From an implementation standpoint, in order for a portable radio to include both LTE and LMR transceivers in the same handheld unit, both transceivers may be physically close to one another. The spectrum allocations of the LTE band being spectrally near the LMR narrowband voice band and the physical proximity LTE transceiver and LMR transceiver within the handheld unit can cause problems when certain transmit and receive conditions are all active simultaneously—which is feasible in multiband radios.
Some energy from an LMR transmit signal may combine with energy from an LTE transmit signal after the LTE antenna, while the LTE receiver is active thereby creating spurious emissions. For example, B14 receive problems can occur when the LMR TX is above 808 MHz. In particular, intermodulation (IM) spurs are prone to being created in the LTE receive path causing desense in this path.

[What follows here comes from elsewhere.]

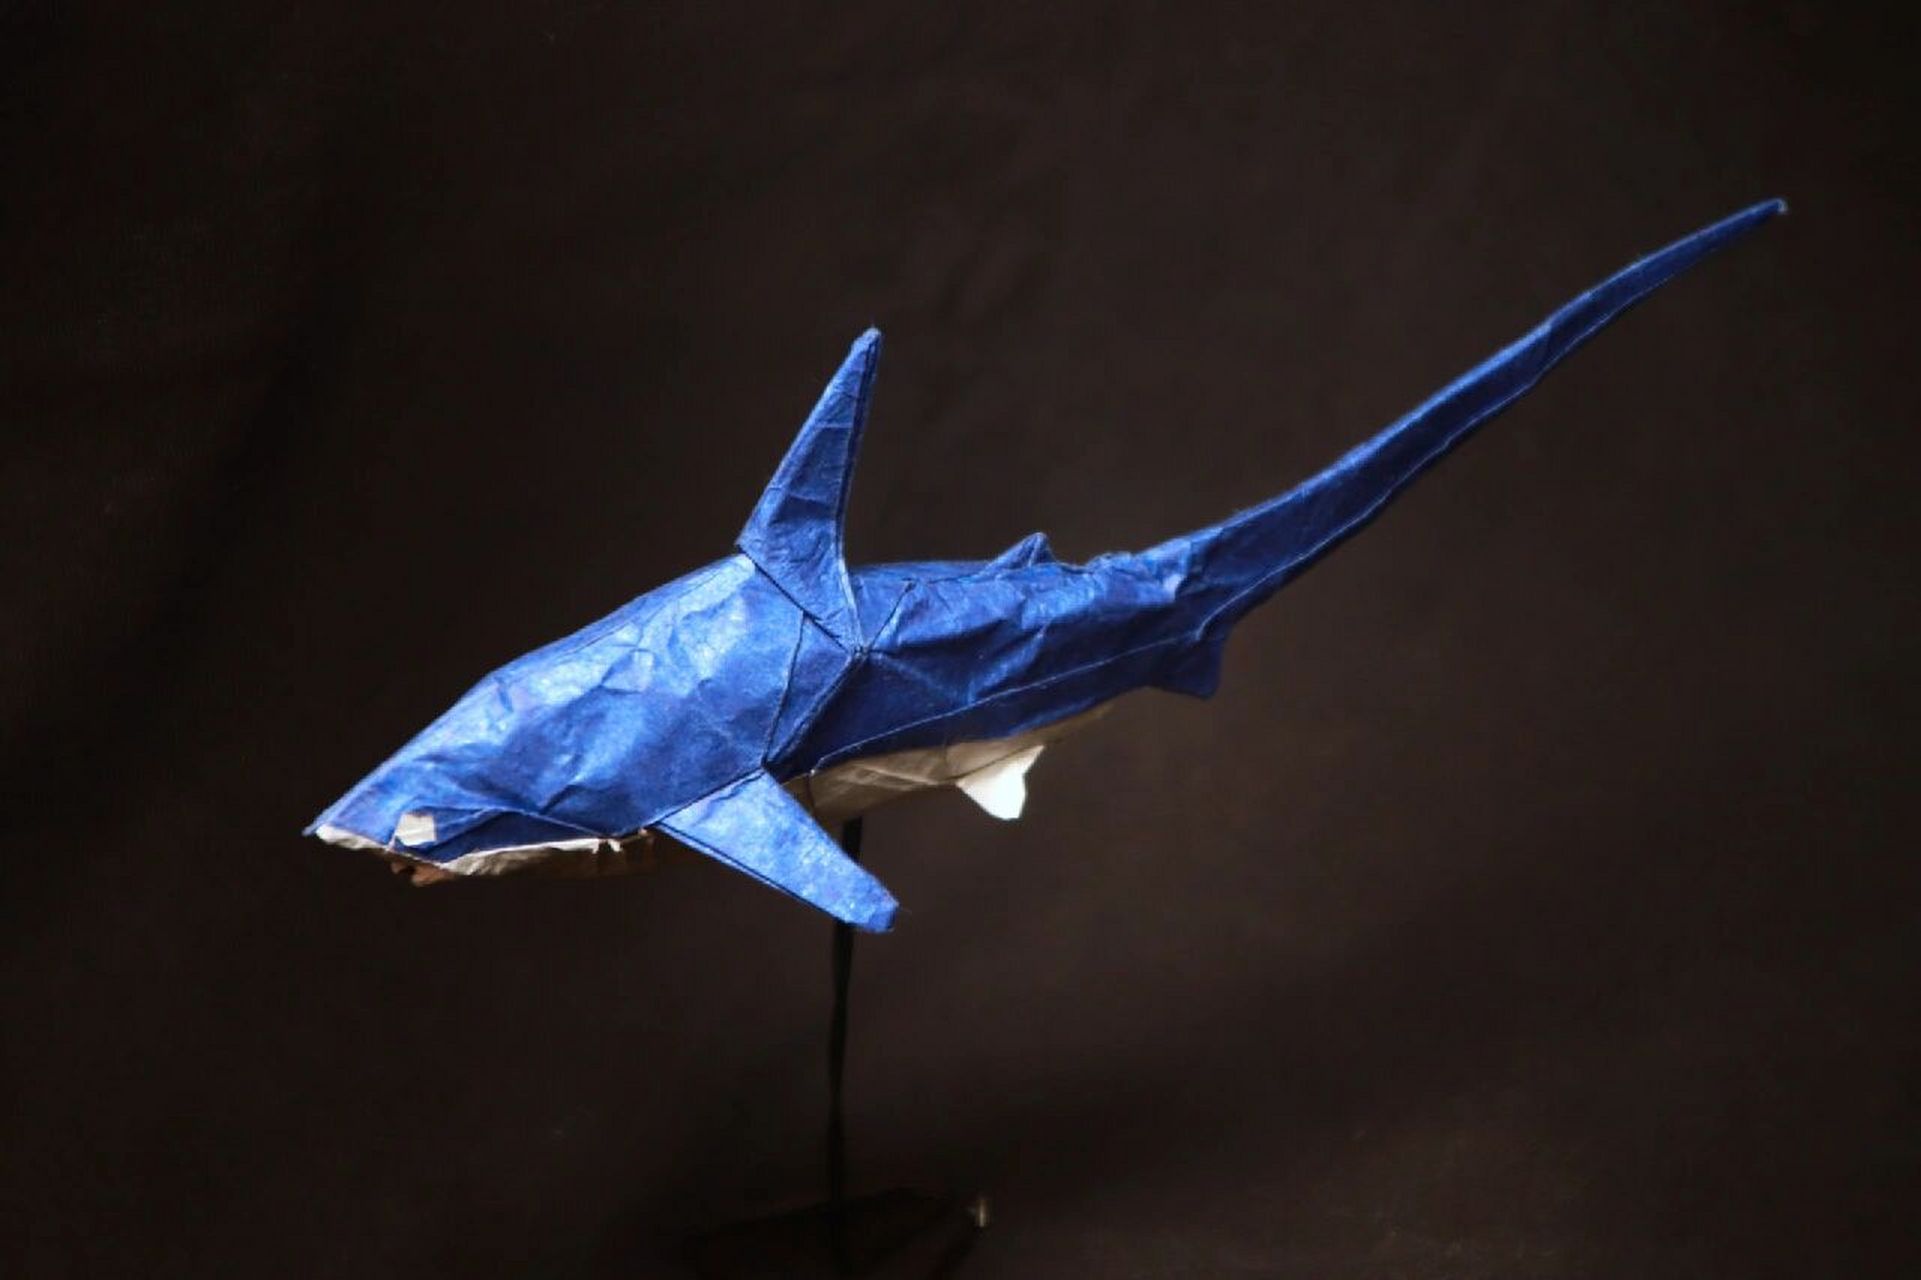 折一只立体鲨鱼用纸图片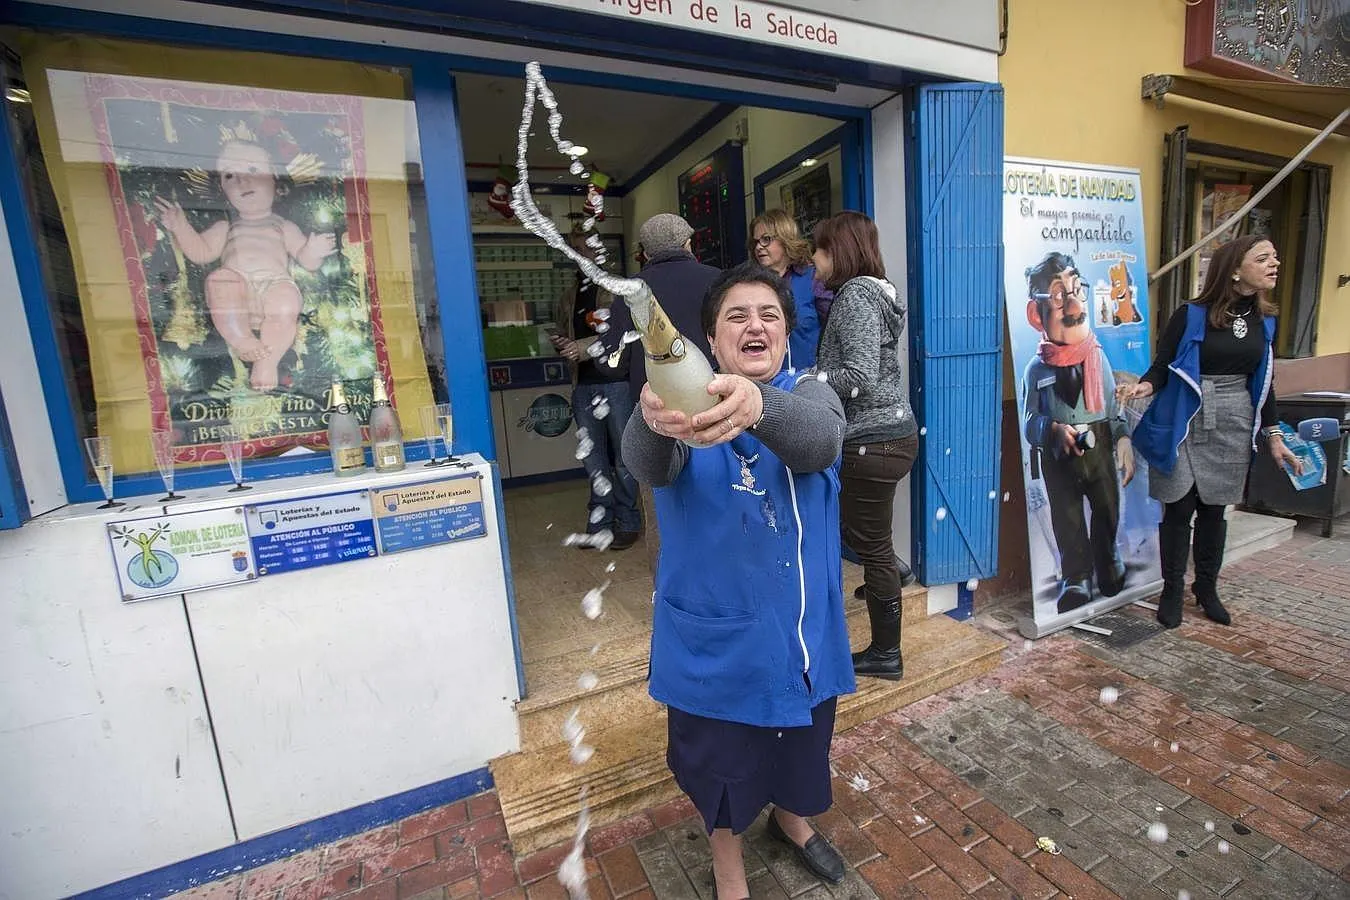 La vendedora de la administracción de loteria número uno de Las Torres de Cotillas «Virgen de la Salceda», Rosario Fernández, celebra con cava, que han vendido 15o décimos del cuarto premio de la lotería de Navidad, el 52215.

Accordingly, it would be desirable to have a means of negating such spurious emissions in a portable multiband radio. In particular, the ability to eliminate spurs in an active LTE receive path during the presence of simultaneous transmit LTE and transmit LMR transmissions is highly desirable.
Skilled artisans will appreciate that elements in the figures are illustrated for simplicity and clarity and have not necessarily been drawn to scale. For example, the dimensions of some of the elements in the figures may be exaggerated relative to other elements to help to improve understanding of embodiments of the present invention.
The apparatus and method components have been represented where appropriate by conventional symbols in the drawings, showing only those specific details that are pertinent to understanding the embodiments of the present invention so as not to obscure the disclosure with details that will be readily apparent to those of ordinary skill in the art having the benefit of the description herein.